Disadvantages of the Extended Family
- Less independence – Living with the extended family can be difficult for young couples who crave their independence. Newlyweds may want the space to start their married life and living with other family members can make this challenging.
- Not enough space – Even if everyone in the extended family has their own bedroom, there may not be enough space in the house for everyone to live comfortably. When you feel like you are living on top of each other and having to deal with other people’s mess, tensions can build inside the home.
- Uneven distribution of labor – Living in a large family unit can be wonderful, but only if everyone pulls their weight. When roles are not clearly defined, certain family members may take advantage, becoming lazy and causing others in the house to become frustrated and resentful.
- Arguments over inheritance – If a will has not been written, when a member of the extended family dies, their assets will be divided between their legal immediate family members. The immediate family is not the same as the extended family, it only includes a person’s parents, spouse and children.
Arguments over inheritance can occur when members of the extended family feel like they were closer to the deceased and deserve more than the legal immediate family members.
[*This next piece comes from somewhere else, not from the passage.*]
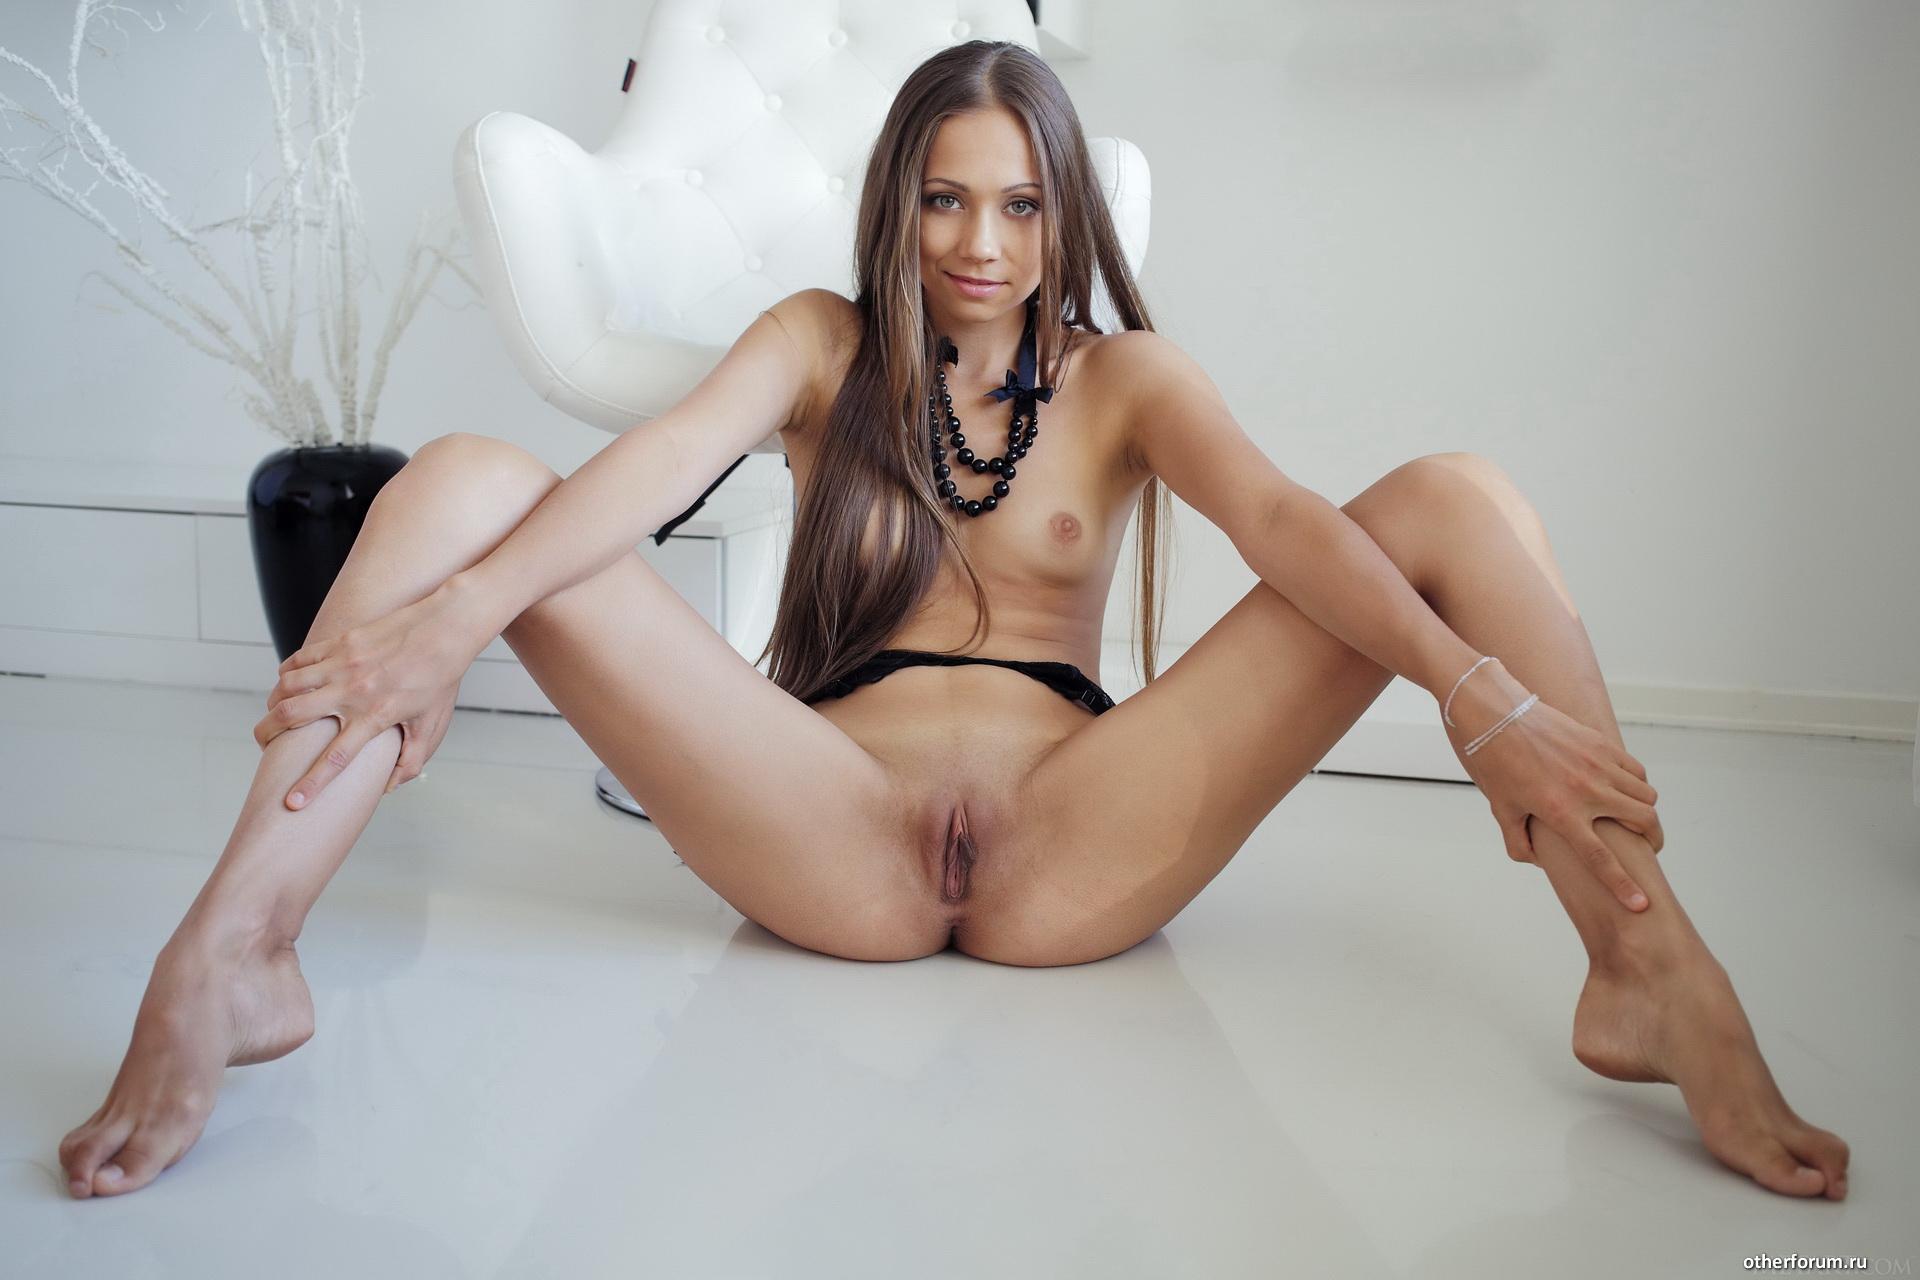 стройные девки раздвигают ноги откладывая долгий ящик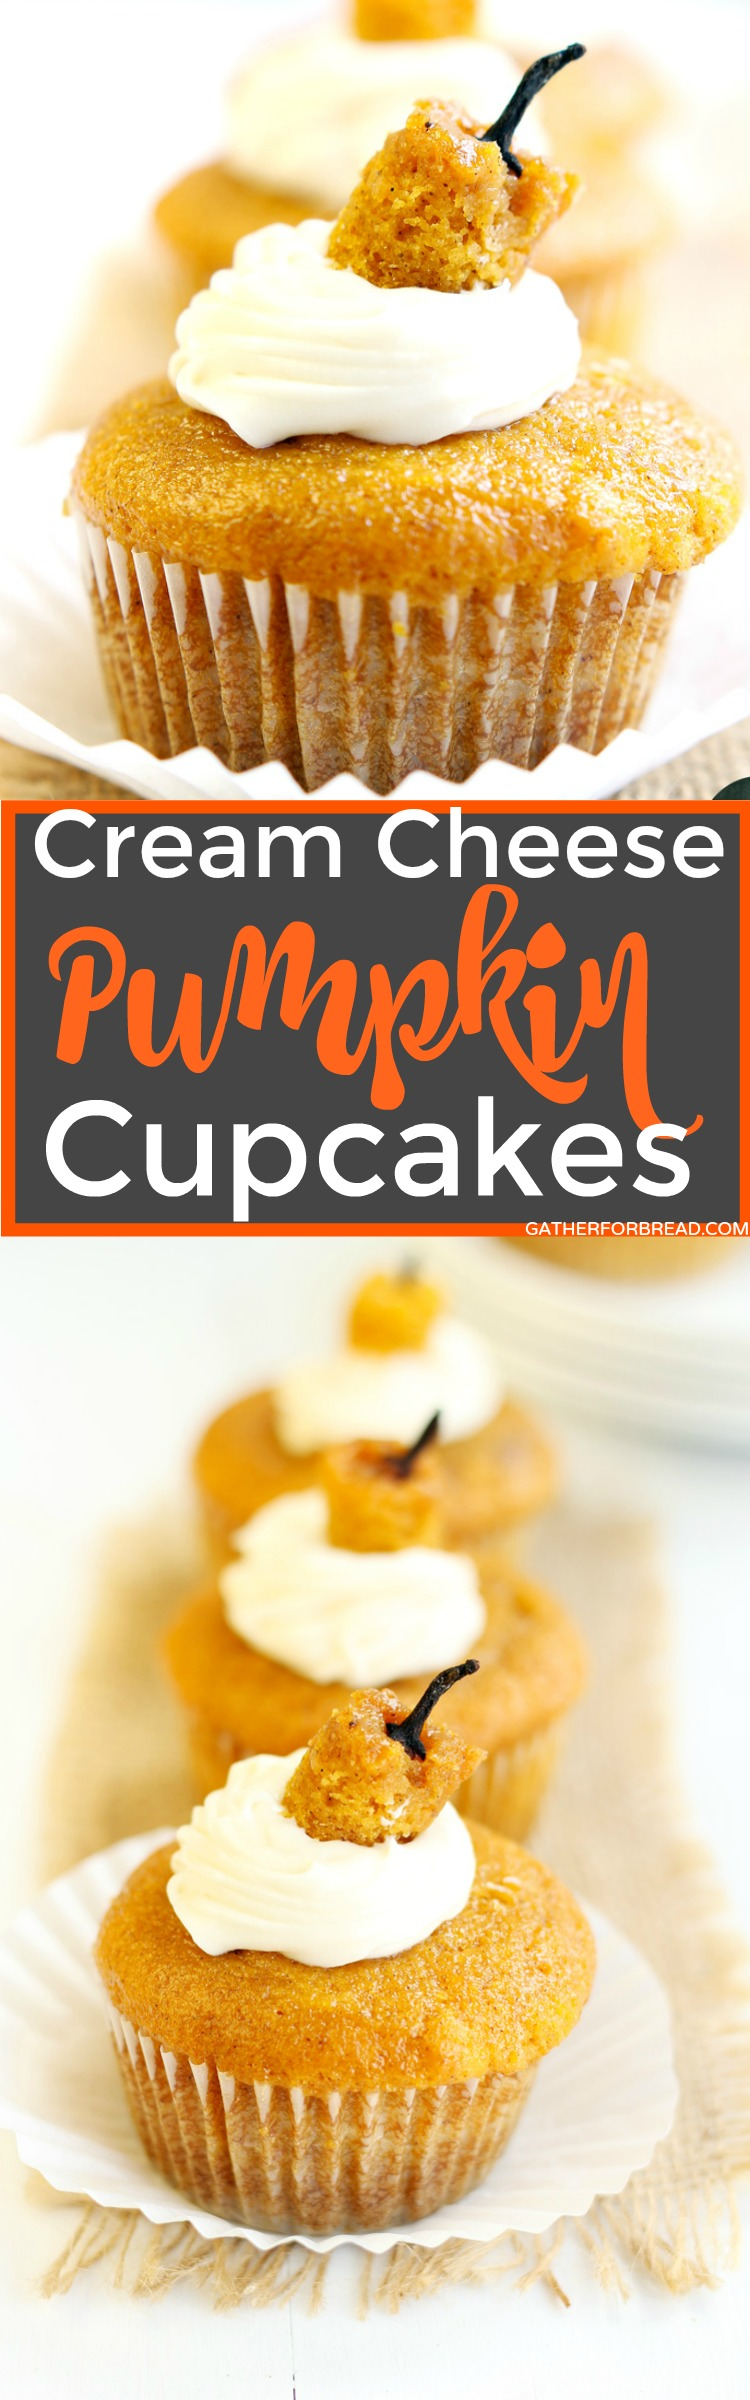 Cream Cheese Pumpkin Cupcakes

The best thing to do if you live in an extended family is to clearly state in a legal will how you wish your possessions to be divided.
The Best Family Structure?
While there are some downsides to the extended family, there are many more positives to this family structure. Extended families include relatives of all different ages and each generation can bring something unique and meaningful to the household.
Children growing up in a multi-generational household have the advantage of spending daily quality time with their grandparents. Also, if there are several children living in the same house – such as cousins – this can lead to a childhood full of fun and excitement.
Every family structure has its own pros and cons, no one set up is better than the next. That being said, the extended family remains the standard family structure in many parts of the world and is growing in popularity here in the US.